Your goal —
Leave the images aside and copy out the whole listing, exact to the word.

Provided data —
══════

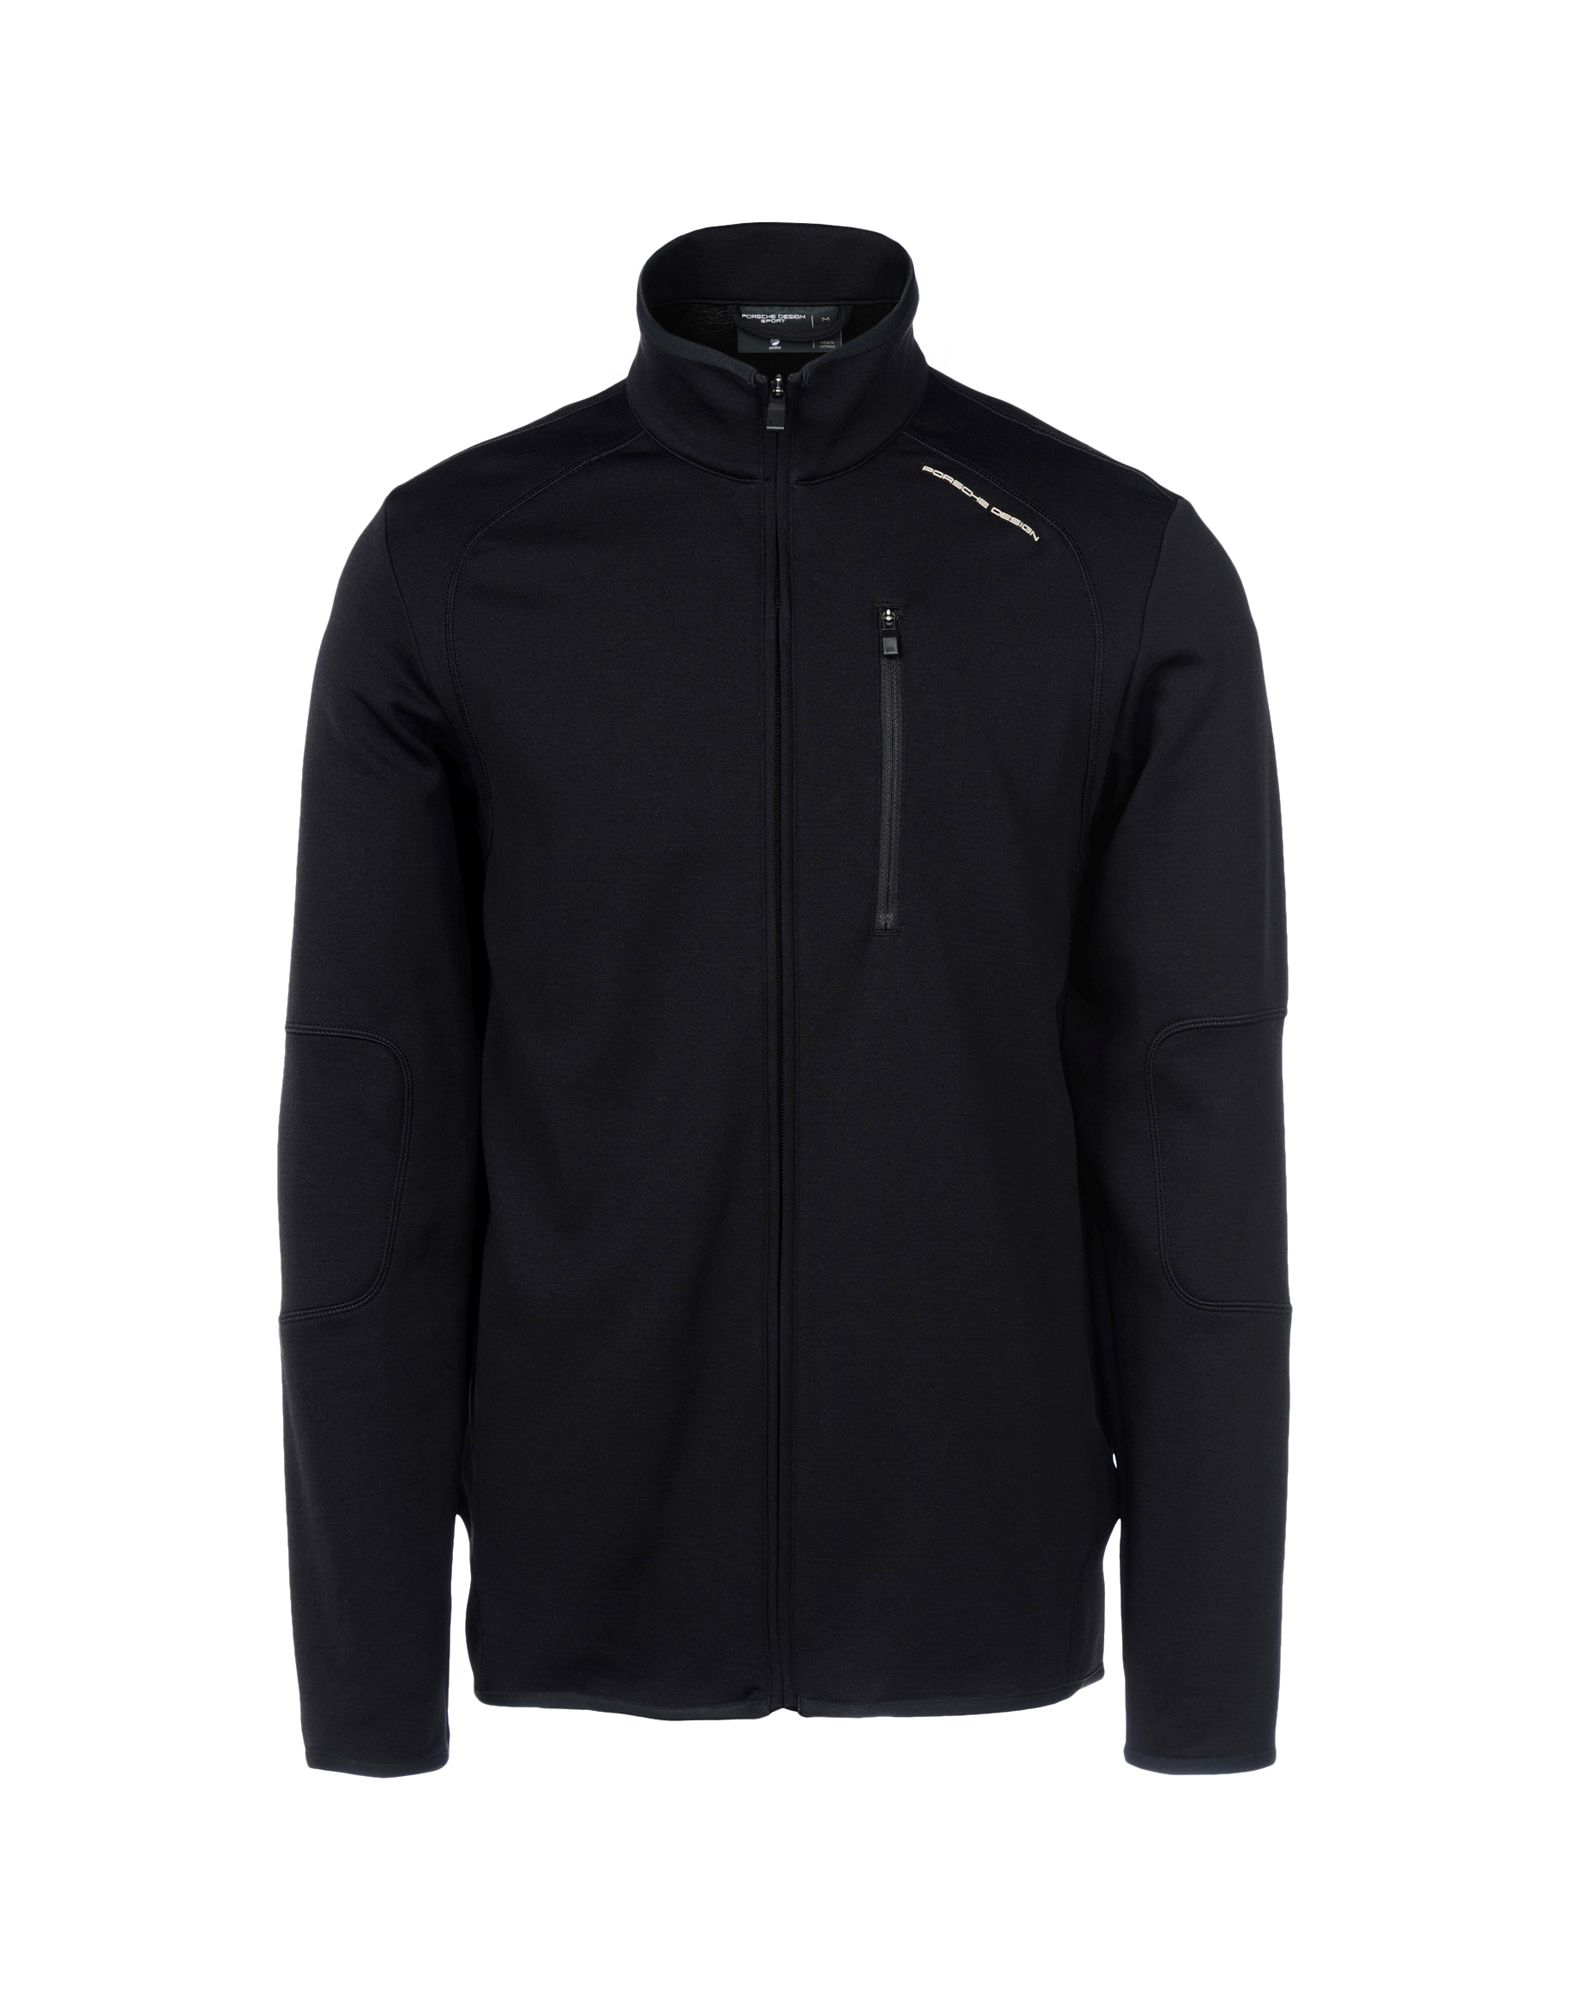 Porsche design Sweatshirt in Black for Men - Save 31% | Lyst
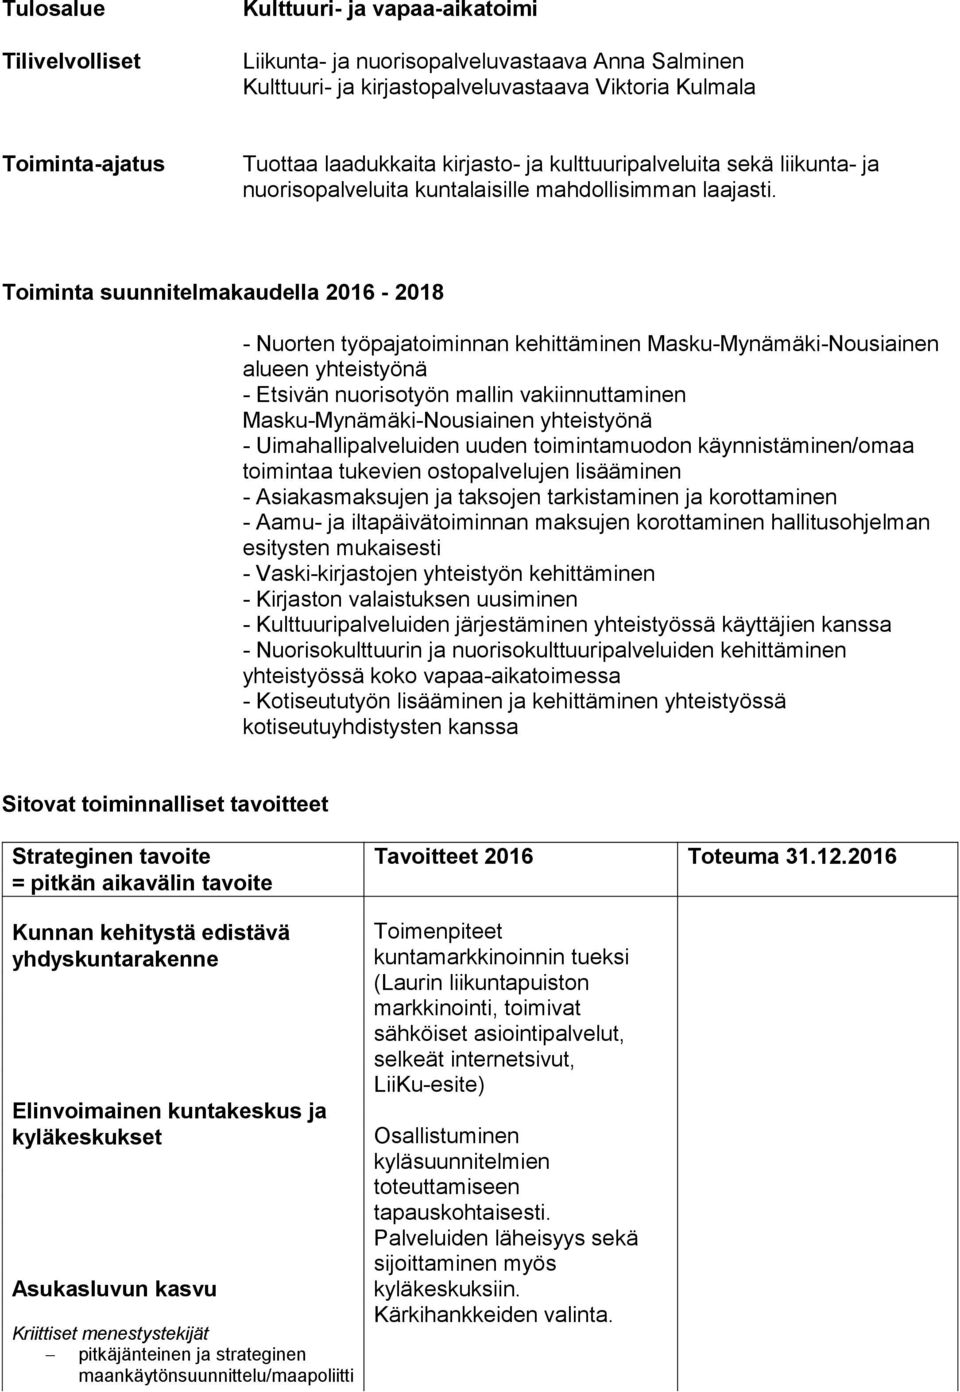 Toiminta suunnitelmakaudella 2016-2018 - Nuorten työpajatoiminnan kehittäminen Masku-Mynämäki-Nousiainen alueen yhteistyönä - Etsivän nuorisotyön mallin vakiinnuttaminen Masku-Mynämäki-Nousiainen
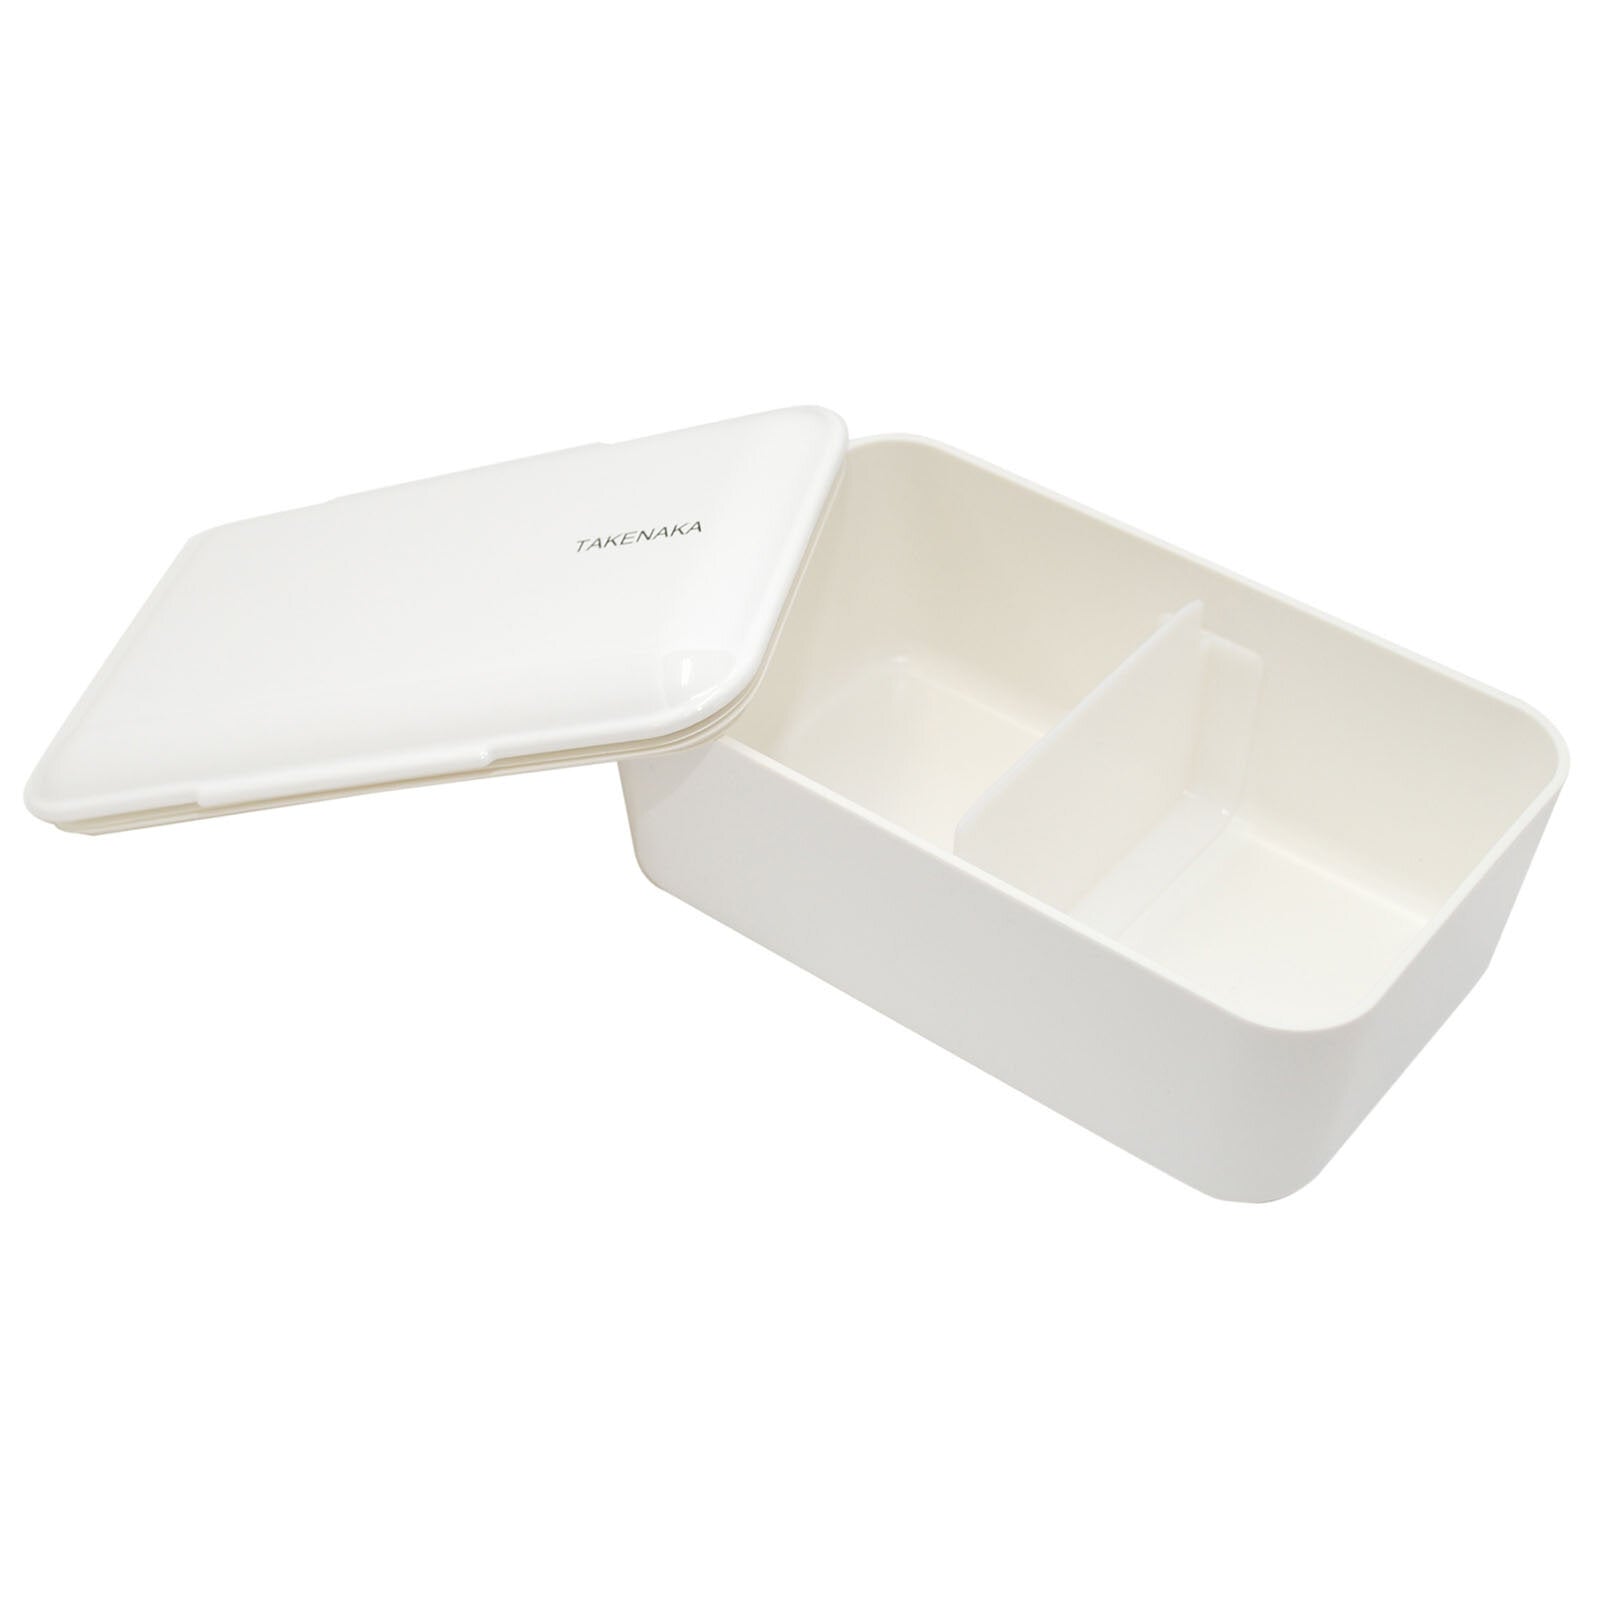 Bento Box Single - White 2
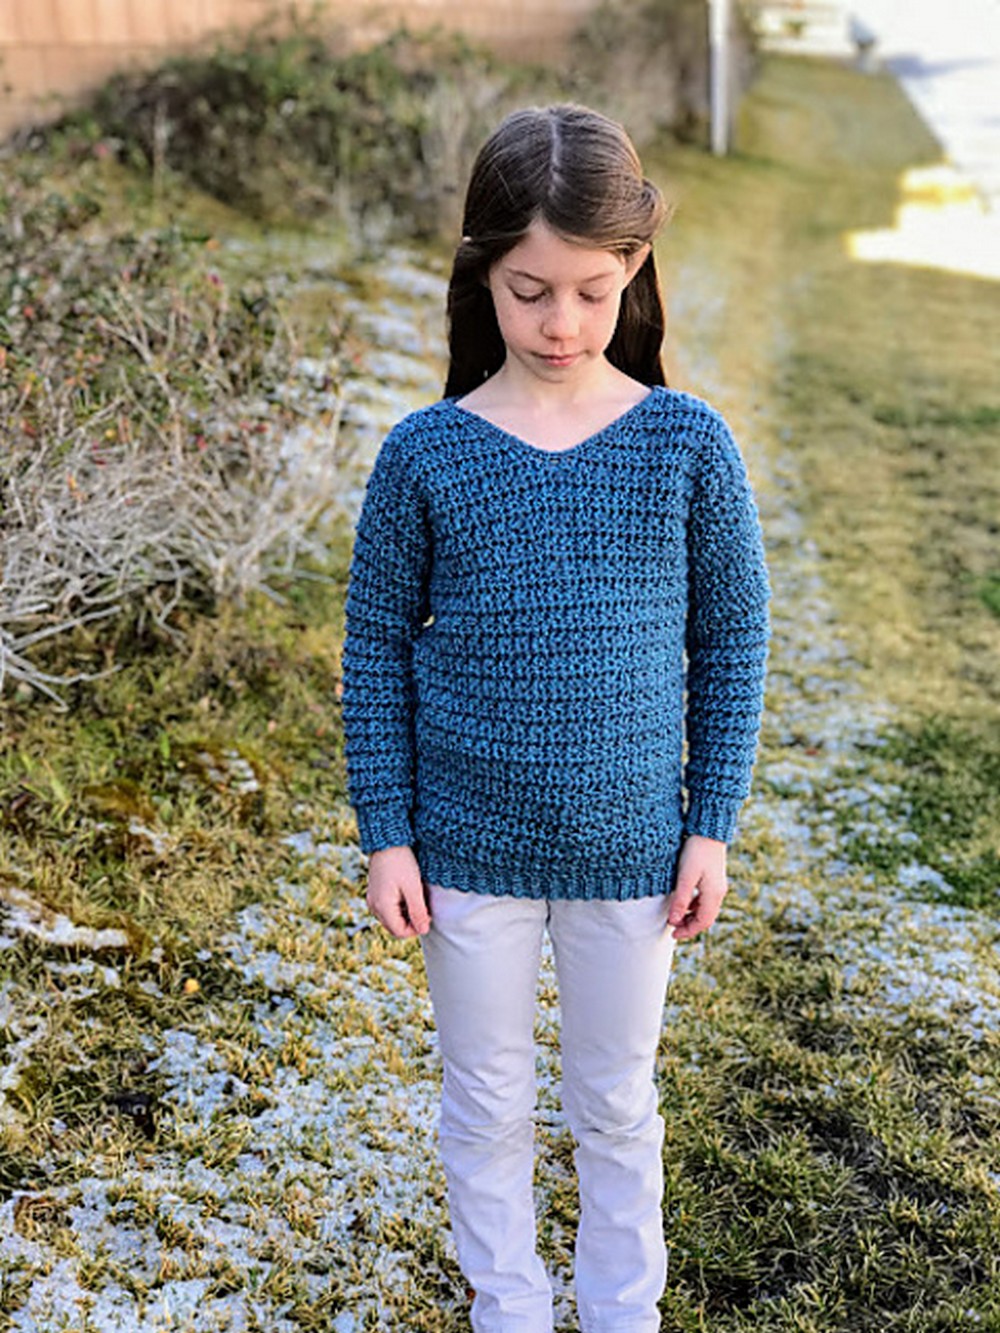 Crochet pattern for a Heidi sweater

══════

Result for this exercise —
 Porsche design Sweatshirt in Black for Men - Save 31% | Lyst
 Toiminta suunnitelmakaudella 2016-2018 - Nuorten työpajatoiminnan kehittäminen Masku-Mynämäki-Nousiainen alueen yhteistyönä - Etsivän nuorisotyön mallin vakiinnuttaminen Masku-Mynämäki-Nousiainen
 Bento Box Single - White 2
 Crochet pattern for a Heidi sweater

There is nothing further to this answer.